IndyCar racer Justin Wilson passed away Monday. The news was confirmed by Mark Miles, CEO of Hulman and Co., the parent company of the Verizon IndyCar Series during a hastily called news conference Monday night at the Indianapolis Motor Speedway.
Wilson was airlifted from the Pocono Raceway after he was seriously injured in a crash involving rookie driver Sage Karam Sunday. The accident happened on lap 179 of 200-lap race when Karam, in the lead at the time, lost control and spun exiting turn 1. Debris from Karam’s car scattered and it appeared that the nose piece from the car flew back and hit Wilson in the head. IndyCar racecars have open cockpits.
Wilson’s car veered to the left and hit the inside wall coming to rest back up on the track. Safety crews were on the scene almost immediately. Karam was slow to get from his car but did so after a few minutes and walked gingerly to a nearby ambulance. Safety workers then swarmed over the car of Wilson extricating the 36 year old after several minutes. He was rushed to another ambulance and shortly after airlifted to Lehigh Valley Health Network Cedar Crest in Allentown, Pa., IndyCar officials said.
Later Sunday IndyCar officials reported that Karam had been transported to the hospital via ground for an injury to his right foot. The series continued to provide updates Monday with a statement with a quote from Karam coming Monday evening. The statement said that according to Dr. Terry Trammell, INDYCAR medical consultant, CT scans revealed no broken bones for the Chip Ganassi Racing Teams driver from Nazareth, Pa. Karam, 20, will be re-evaluated before being cleared to drive.

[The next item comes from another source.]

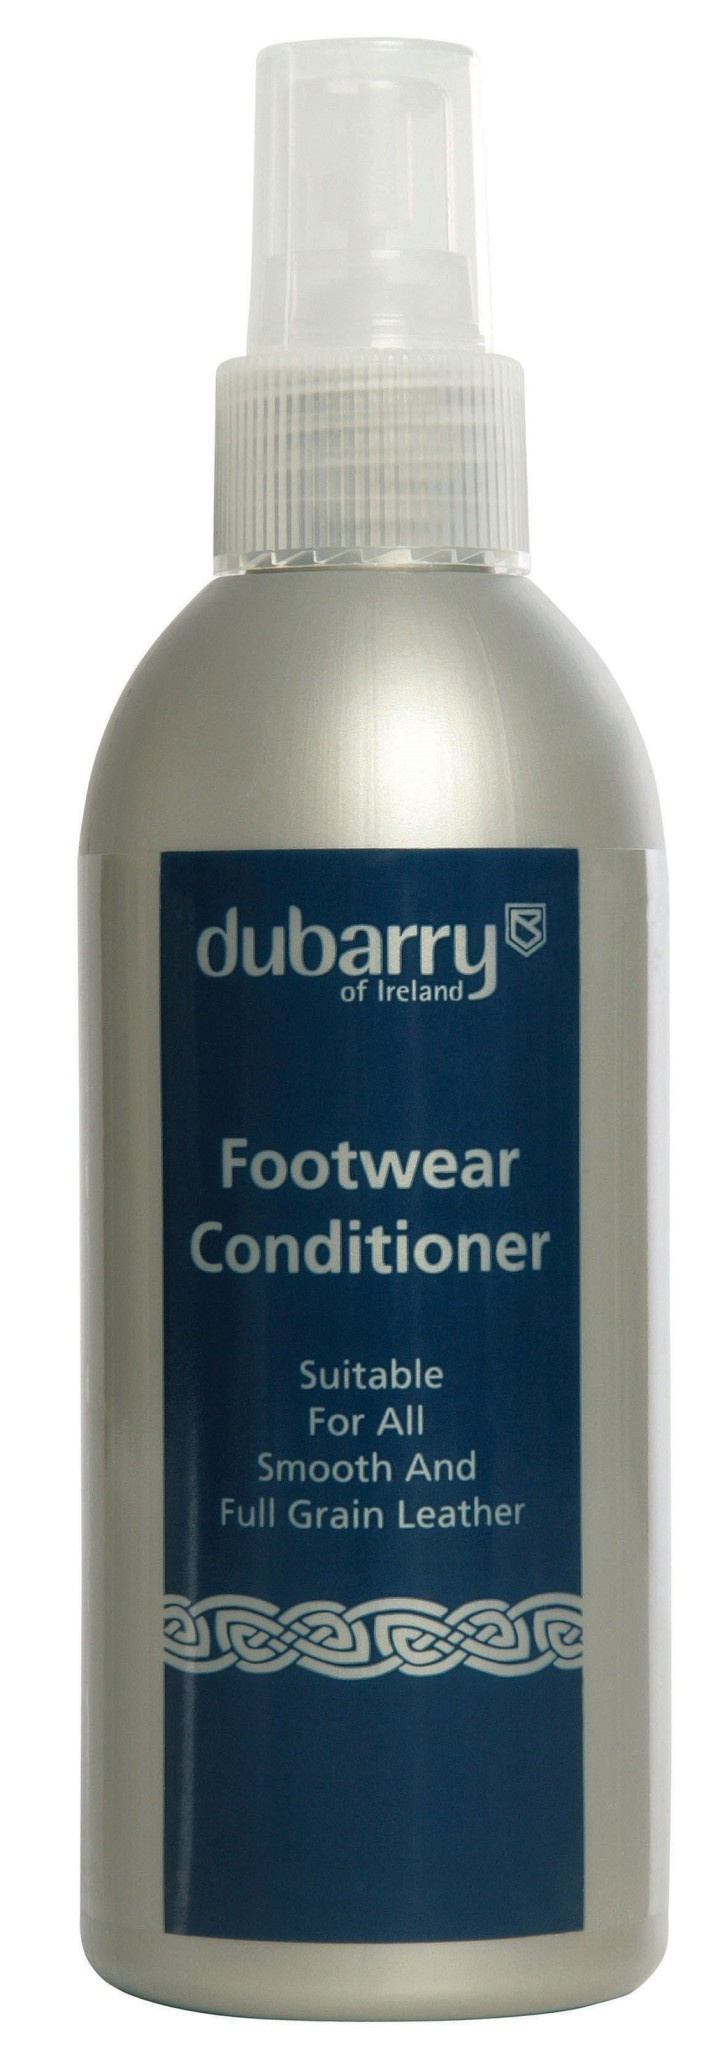 Dubarry Conditioner-1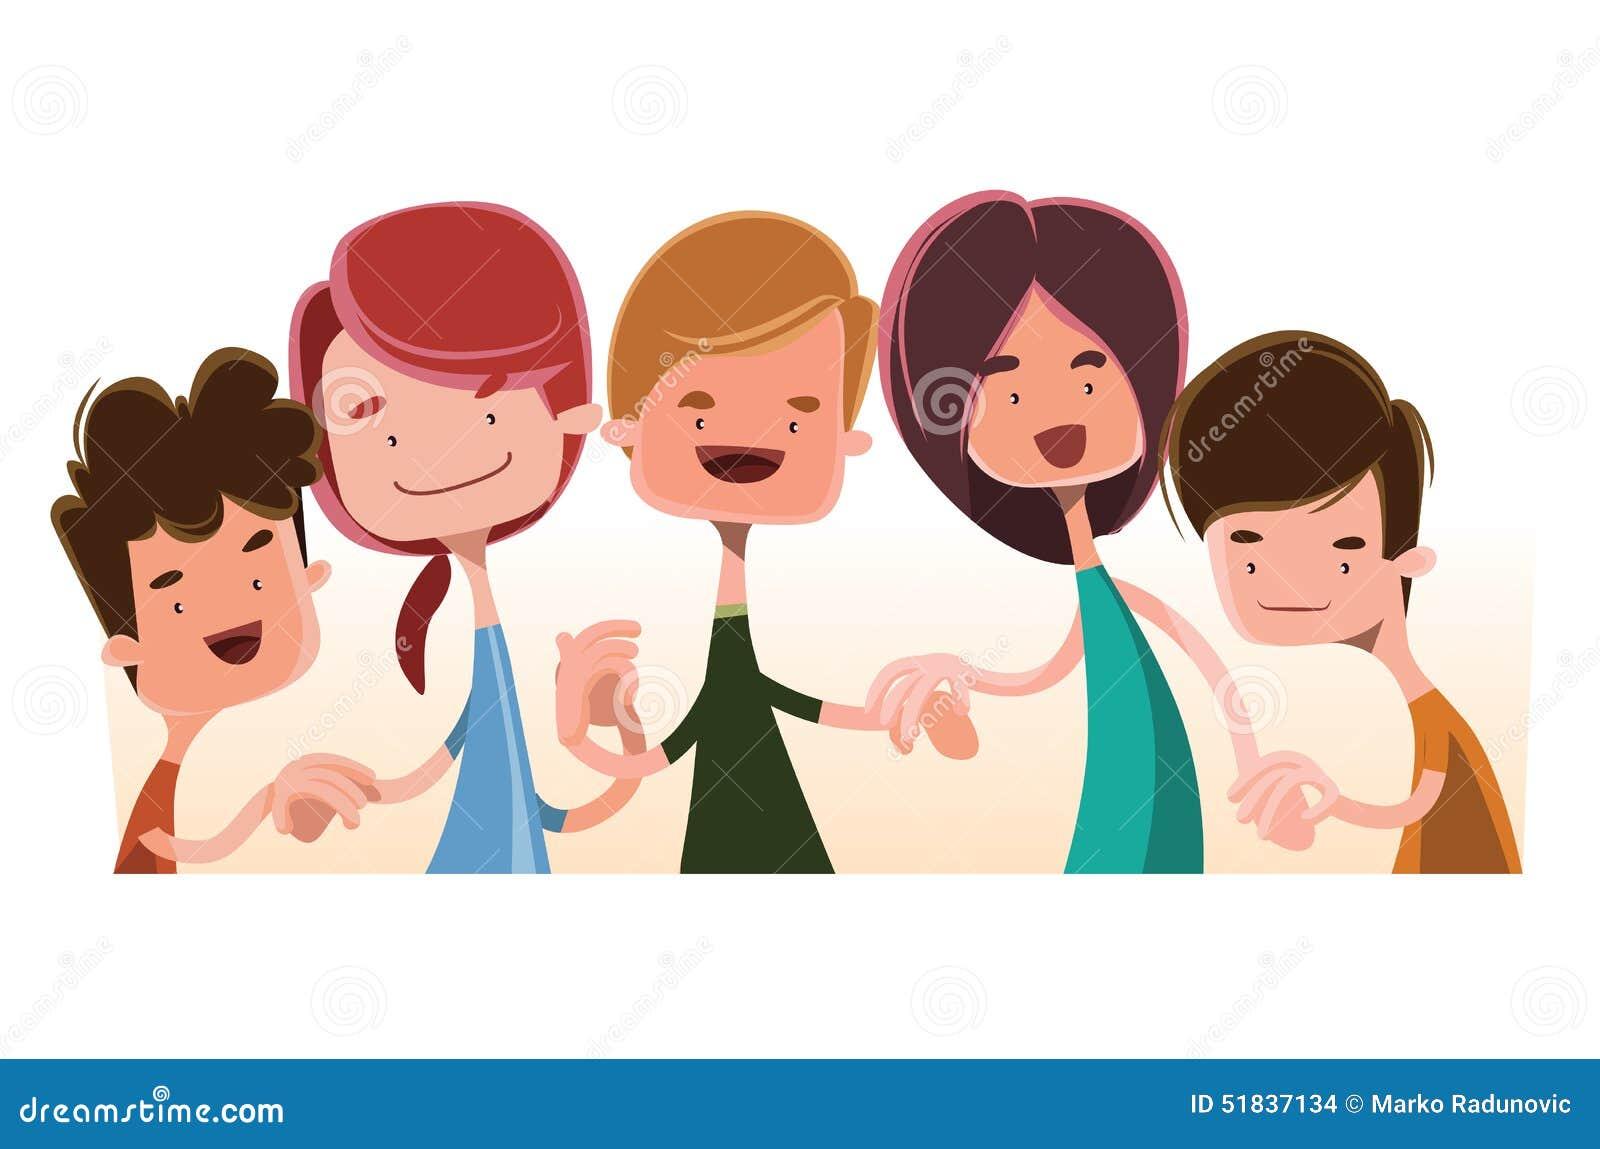 Cartoon Characters Holding Hands : Children holding hands illustration cartoon character

“First and foremost, I just hope everything is OK with Justin Wilson,” Karam said. “Justin is the priority and everything else is secondary at this point. As far as the race, we had a really great race car and I felt comfortable and in a position to be in striking distance for the win. The car just unfortunately came around on me in the middle of Turn 1 and I had no indication it was about to go.”
A native of Sheffield England, Wilson was 37 and leaves behind a wife and two young daughters. Wilson’s death comes four years after Indianapolis 500 winner Dan Wheldon died in 2011 when he crashed into a catch fence at Las Vegas Motor Speedway and died instantly. Other drivers who have been killed in crashes include Scott Brayton (1996), Tony Renna (2003) and Paul Dana (2006), among others.
Miles did not reveal the exact cause of Wilson’s death. He did say a trust has been set up for Wilson’s daughters. It is believed that Wilson’s family was with him when he passed. Wilson’s wife, Julia, was transported to Pennsylvania from their home in Colorado by IndyCar; his younger brother, Stefan, was flown in a plane belonging to NASCAR champion Tony Stewart from Indianapolis. Stewart, a three-time NASCAR champion and former IndyCar champion, is an Indiana native. Wilson had seven victories and 26 podium finishes in 11 Indy car seasons. In seven Indianapolis 500 starts, Wilson has three top-10 finishes with a best of fifth in 2013. He qualified 14th the past two years.
“This is a monumentally sad day for INDYCAR and the motorsports community as a whole,” said Miles. “Justin’s elite ability to drive a race car was matched by his unwavering kindness, character and humility — which is what made him one of the most respected members of the paddock. As we know, the racing industry is one big family, and our efforts moving forward will be focused on rallying around Justin’s family to ensure they get the support they need during this unbelievably difficult time.”
Shortly after the news conference the family released a statement via email:
A Statement from the family of Justin Wilson
24 August 2015
With deep sadness, the parents of Justin Wilson, Keith and Lynne, his wife Julia, and his brother Stefan share the news that Justin passed away today after succumbing to injuries suffered during the Verizon IndyCar event at Pocono Raceway on Sunday, August 23.
Justin was a loving father and devoted husband, as well as a highly competitive racing driver who was respected by his peers.
The family would like to thank the staff at the Lehigh Valley Health Network Cedar Crest Hospital, Pocono Raceway, Andretti Autosport, and the Verizon IndyCar Series as well as the entire racing community for the amazing outpouring of support from fans around the world.
The family has requested that in lieu of flowers, donations be made to the Wilson Children’s Fund care of INDYCAR.